Failing Forwards case study presented by Emma McLean (National Maritime Museum) at Culture24's Let's Get Real conference 2011: How to Evaluate Success Online?
what you tried to do (the aim in one sentence- how you defined success at the start) and who it was for (specifically!) This summer we had two major marketing campaigns 1 – Sammy Ofer Wing, awareness campaign , come and see all the new things 2 – High Arctic, new unique immersive exhibition, buy a ticket – clear CTA Two very different camapigns Digital arm was targeted at a new audience for the NMM - contemporary, users of and interested in digital technology (smart phone literate, active in online communities and social media) and cultural attenders – heritage, arts, architecture. Top level success – tracking click throughs to the dedicated landing pages using unique URLs
2. what you actually did For High Arctic we had an online advertising schedule, utilising AdWords and GDN, site takeovers, email marketing and dedicated social media activity – all things that we can track. Challenge for the SOW, we’ve done online advertising for awareness campaigns before and didn’t see good levels of engagement. We took a different path and utilised Foursquare - commissioned a freelance writer to research and write around 50 facts about other cultural sites – presenting an interesting fact about the venue/place but showing how they link to maritime history, posted these to Foursquare as NMM. This did include a link through to a dedicated page on the website profiling all the new features of the Sammy Ofer Wing – not hard sell, peaking interest through an invitation to discover more interesting stories.

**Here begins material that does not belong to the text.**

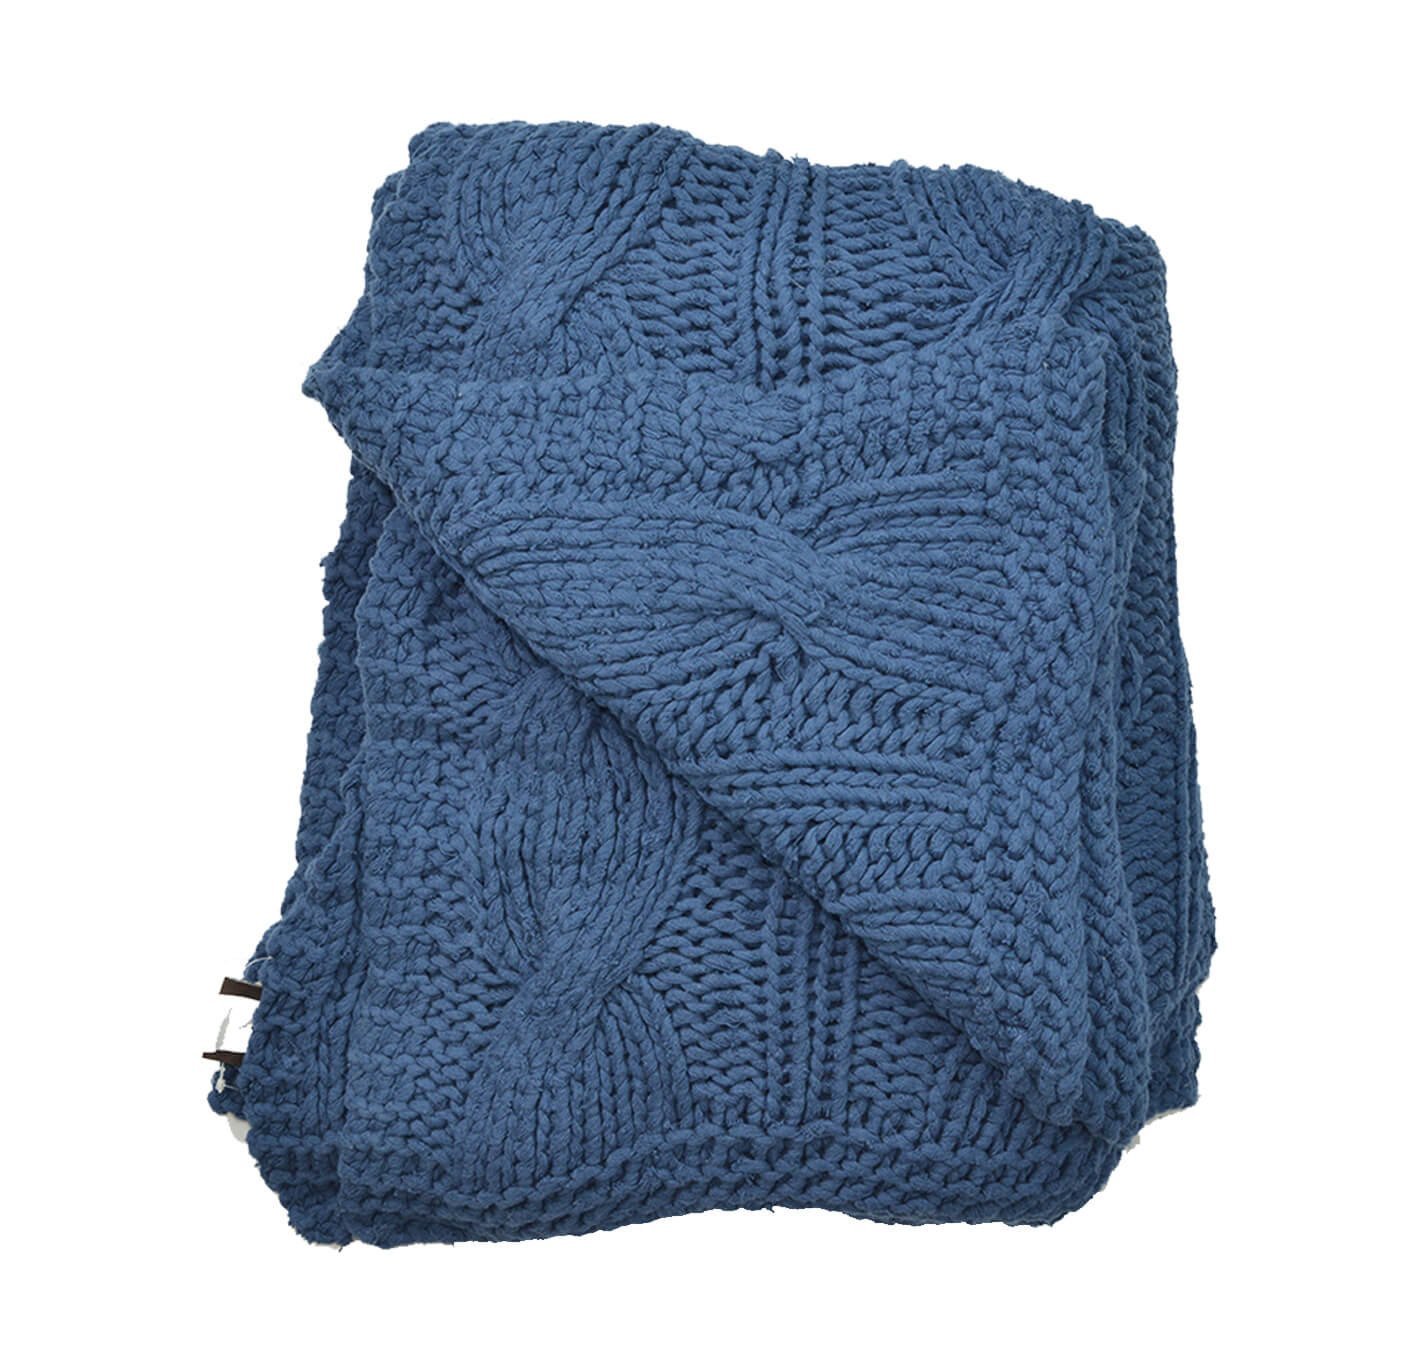 Denim Organic Cotton Cable Knit Blanket By Aviva Stanoff Leibona

3. what the result was (specifically) and how you measured it (or not!) High Arctic – provided 2 of the top 10 traffic sources between opening and end Aug SOW – No click throughs to our site via the Foursquare links were recorded – we couldn’t measure how many people had seen our tips!

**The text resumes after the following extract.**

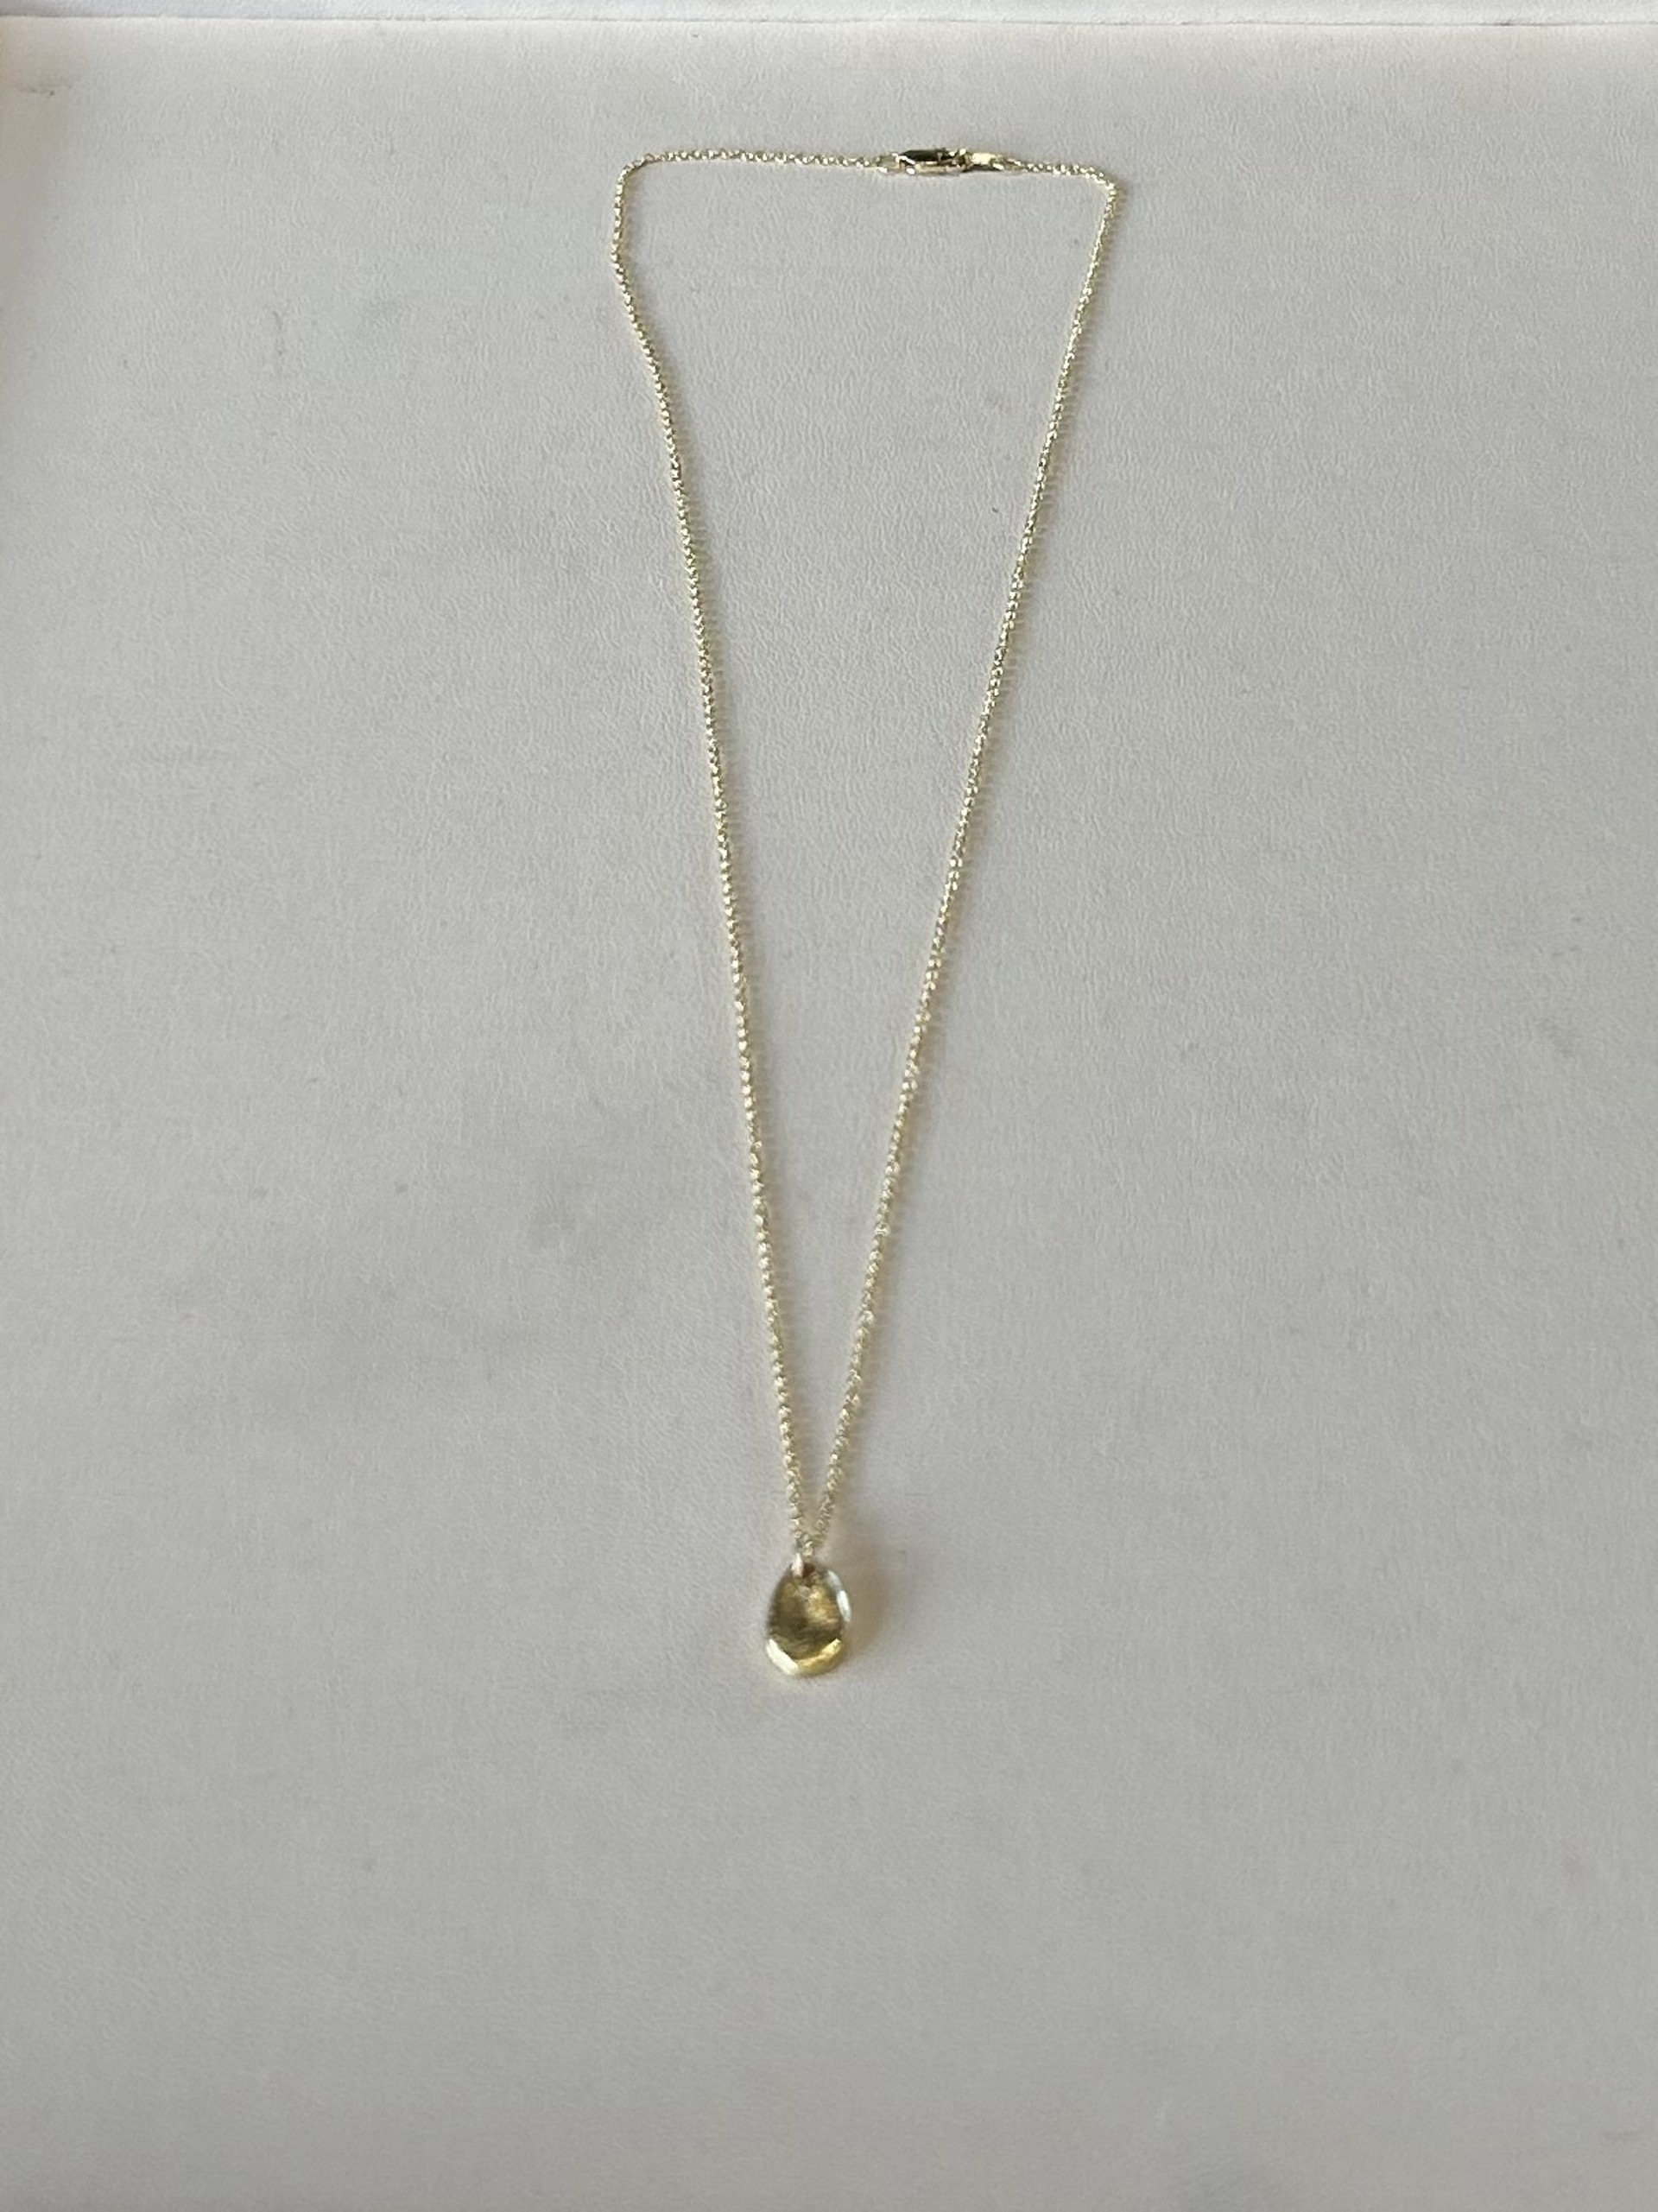 LHN18- small tear drop necklace 18K by Leandra Hill

4. What questions are we now asking as a result Should we still be doing awareness campaigns in times of tight budgets and limited resources? Better than a poster campaign? – We couldn’t track user engagement, so in digital terms we see this as a bit of a failure. However marketing teams spend thousands on poster campaigns, which don’t give hard metrics - that’s not seen as a failure and it’s very expensive Some may argue - should digital always be measurable? You can’t predict how people will interact with your content – just because it’s digital doesn’t make it instantly measurable – and that’s ok
5. what you are going to do now (as a result of what you learned) Incentivize and empower our audiences to actively participate – we think that’s the key to long term engagement. Going to move our digital activity away from awareness campaigns - all of our upcoming campaigns are exhibition or event based Future use of Foursquare will involve specials, actionable tips, getting followers as a brand page rather than friends as a profile – we want our audiences to be active rather than passive.